Required action
For this exercise, copy exactly only the lines from the one containing "Tour del futuro" to the final line of the material below, without the pictures.

Data segment
☆ ☆ ☆ ☆
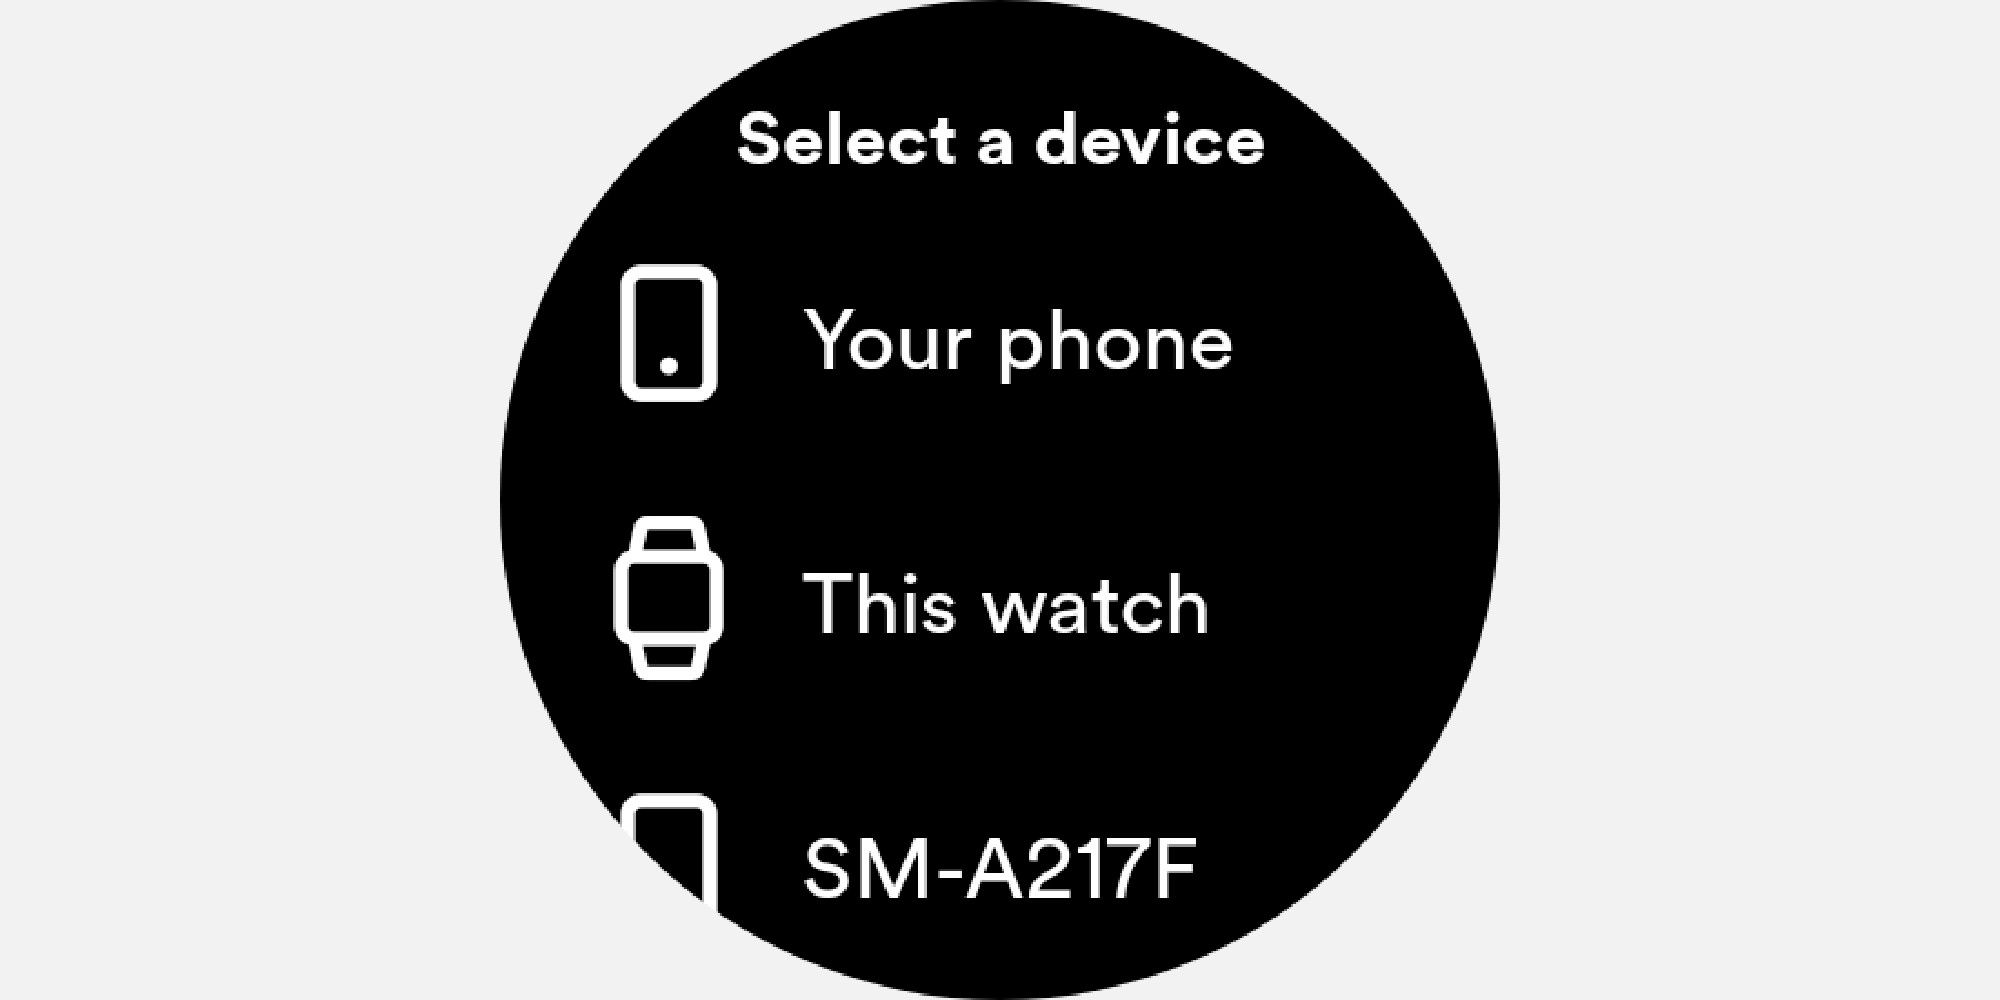 Opciones de dispositivo en el menú desplegable del reloj inteligente Galaxy 4
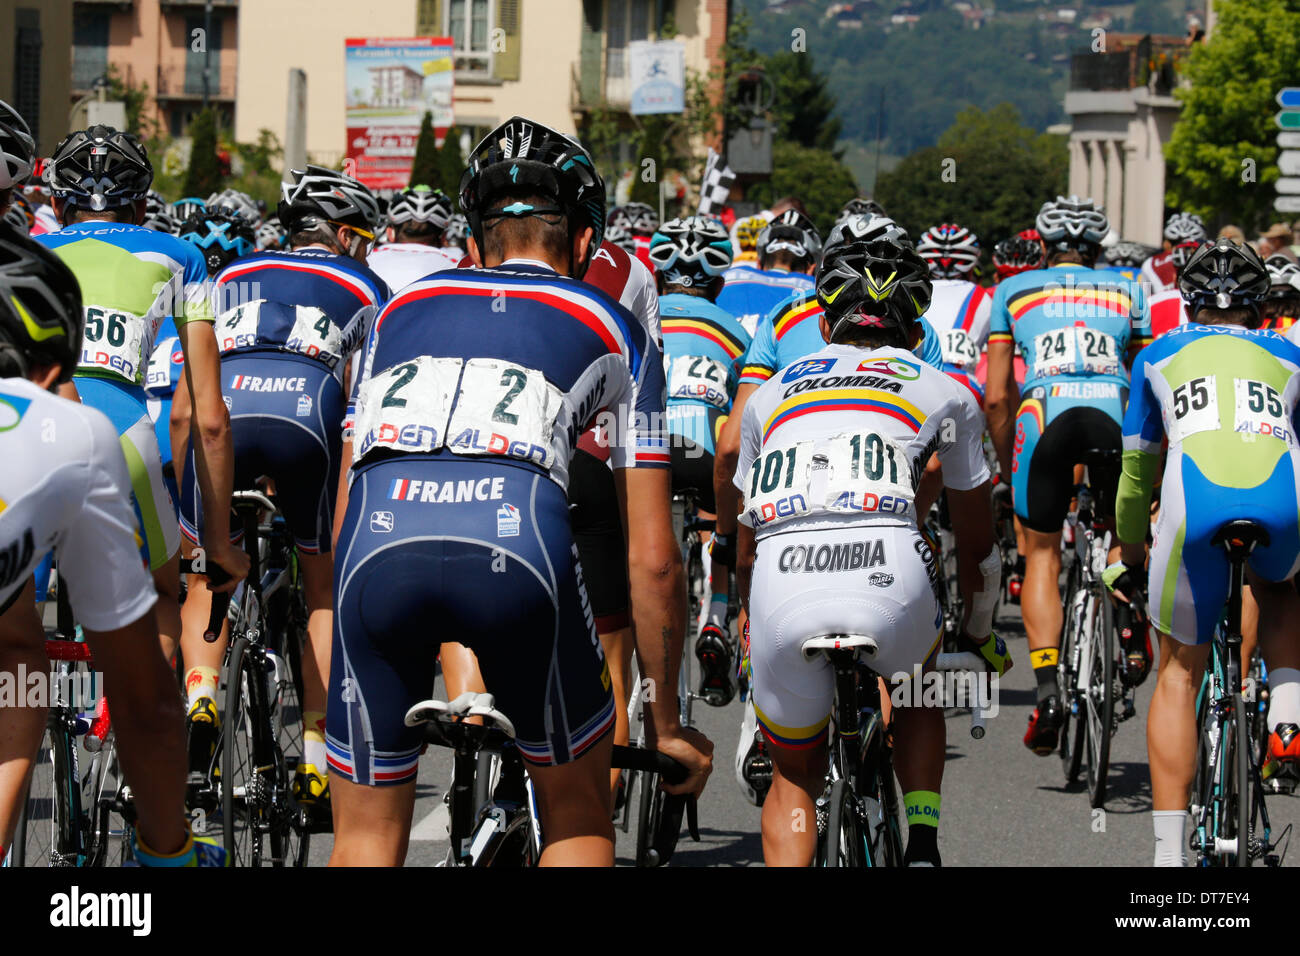 Tour del futuro : un camino francés de carreras de bicicleta de carrera por etapas. Foto de stock
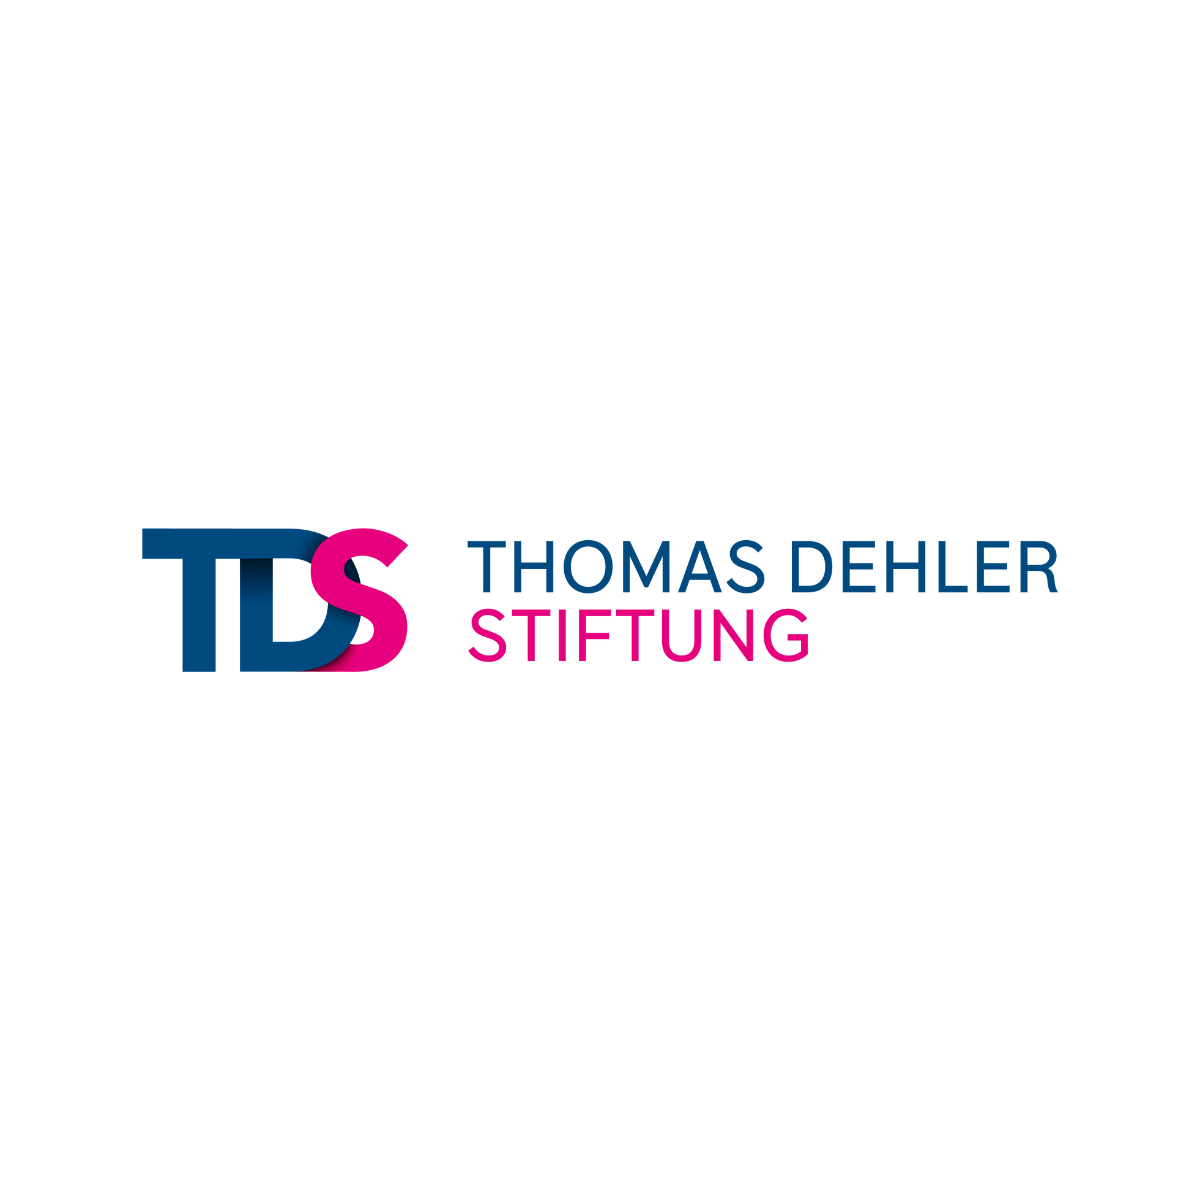 (c) Thomas-dehler-stiftung.de
☆ ☆ ☆ ☆
Response
 Tour del futuro : un camino francés de carreras de bicicleta de carrera por etapas. Foto de stock
 (c) Thomas-dehler-stiftung.de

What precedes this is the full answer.